A lot of these efforts can be streamlined using GridSearch. Below, you can find code that tests different parameters using cross-validation for random forests:

In [18]:
from sklearn.model_selection import cross_validate, cross_val_predict
from sklearn.model_selection import GridSearchCV

# First we create a dictionary containing the parameters we want to test
# We include the values we want to test as lists 
parameters = {'min_samples_leaf':[1,5],'max_depth':[None,10]}

# Then, we bring together a classifier, the parameters, and set the number of folds for the CV
grid_search = GridSearchCV(RandomForestClassifier(n_estimators=20), parameters, cv=10)
grid_search.fit(X_train, y_train.values.ravel())

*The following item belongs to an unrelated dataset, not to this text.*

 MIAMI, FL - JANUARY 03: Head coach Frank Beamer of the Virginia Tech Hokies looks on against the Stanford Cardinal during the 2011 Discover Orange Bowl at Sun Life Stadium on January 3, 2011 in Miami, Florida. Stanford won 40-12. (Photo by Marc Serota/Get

# The best predictor will be used for the prediction
prediction = grid_search.predict(X_test)
prediction_proba = grid_search.predict_proba(X_test)
    
best_classifier = grid_search.best_estimator_

print('Best classifier:',best_classifier)
print('Accuracy:', accuracy_score(y_test,prediction))
print('AUC:',roc_auc_score(y_test,prediction_proba[:,1]))

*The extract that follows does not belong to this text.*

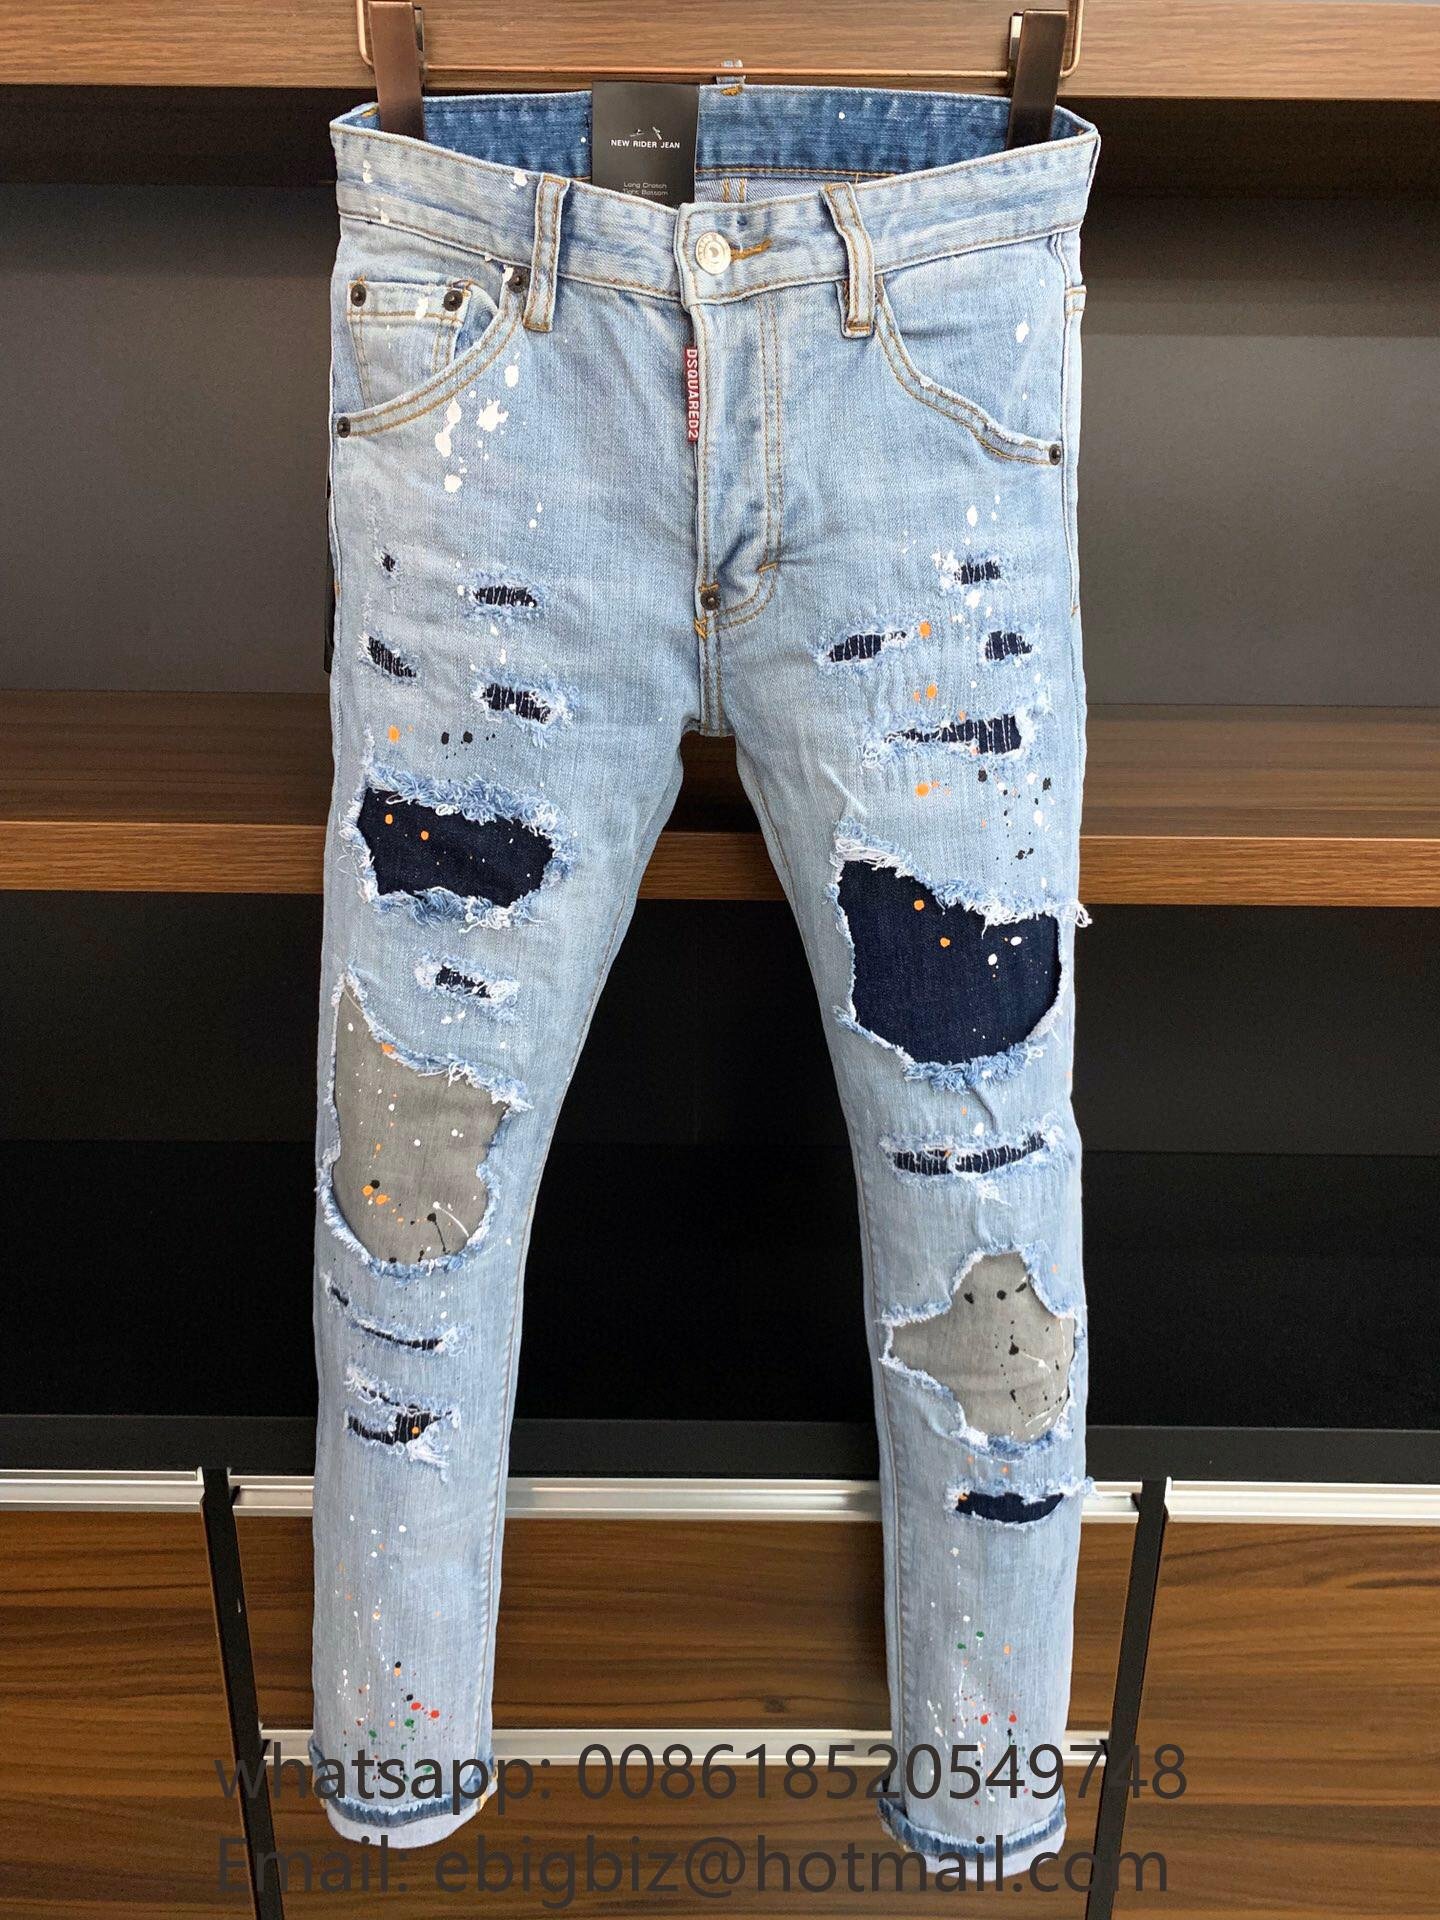 Wholesale Dsquared2 jeans men DSQUARED Jeans for men Dsquared2 jeans Trading Company) - Overcoat - Apparel & Fashion

Best classifier: RandomForestClassifier(max_depth=10, min_samples_leaf=5, n_estimators=20)
Accuracy: 0.7933649289099526
AUC: 0.8538803418803419


It seems that having a minimum of 5 samples per leaf, and a maximum depth of 10 are preferable.

## Feature importance

For all our models, we can calculate the feature importance. This is the (average) reduction in Gini impurity across all trees:

In [28]:
for c, columns in enumerate(X_test.columns):
    print(c, columns)

0 SeniorCitizen
1 tenure
2 MonthlyCharges
3 TotalCharges
4 gender_Male
5 Partner_Yes
6 Dependents_Yes
7 PhoneService_Yes
8 MultipleLines_No phone service
9 MultipleLines_Yes
10 InternetService_Fiber optic
11 InternetService_No
12 OnlineSecurity_No internet service
13 OnlineSecurity_Yes
14 OnlineBackup_No internet service
15 OnlineBackup_Yes
16 DeviceProtection_No internet service
17 DeviceProtection_Yes
18 TechSupport_No internet service
19 TechSupport_Yes
20 StreamingTV_No internet service
21 StreamingTV_Yes
22 StreamingMovies_No internet service
23 StreamingMovies_Yes
24 Contract_One year
25 Contract_Two year
26 PaperlessBilling_Yes
27 PaymentMethod_Credit card (automatic)
28 PaymentMethod_Electronic check
29 PaymentMethod_Mailed check


In [31]:
sorted(rf.feature_importances_)

[0.0029211587029609716,
 0.003121307143629995,
 0.0035960331956236113,
 0.004233785552117677,
 0.004767867137516242,
 0.005234881759897994,
 0.007303173172980759,
 0.0074637810481313314,
 0.00786160846394388,
 0.012870060478184772,
 0.014590237734661837,
 0.016677972524215674,
 0.01802319909614288,
 0.019035431154214088,
 0.01991357425870868,
 0.02025059628335638,
 0.02077165822623538,
 0.02171323815137691,
 0.021730791215065052,
 0.022323413082756597,
 0.02443811996817083,
 0.024738495625735223,
 0.02524633516088912,
 0.02885042176088932,
 0.031155169706422375,
 0.03272281505654534,
 0.04235304803801822,
 0.1674968642828305,
 0.1736215697498719,
 0.1949733922689063]

In [25]:
# Random forest - 5 most important features
for c, column in enumerate(X_test.columns):
    if rf.feature_importances_[c] in sorted(rf.feature_importances_)[-5:]:
        print('Variable',column,rf.feature_importances_[c])

Variable tenure 0.1736215697498719
Variable MonthlyCharges 0.1674968642828305
Variable TotalCharges 0.1949733922689063
Variable InternetService_Fiber optic 0.04235304803801822
Variable PaymentMethod_Electronic check 0.03272281505654534


In [26]:
# AdaBoost - 5 most important features
for c, column in enumerate(X_test.columns):
    if ada.feature_importances_[c] in sorted(ada.feature_importances_)[-5:]:
        print('Variable',column,ada.feature_importances_[c])

Variable tenure 0.18
Variable MonthlyCharges 0.28
Variable TotalCharges 0.24
Variable InternetService_Fiber optic 0.04
Variable Contract_Two year 0.04


It seems that both random forests and AdaBoost have exactly the same variables driving their Gini impurity down. Mostly the length of tenure, monthly charges, total charges, being connected through fiber and the contract length.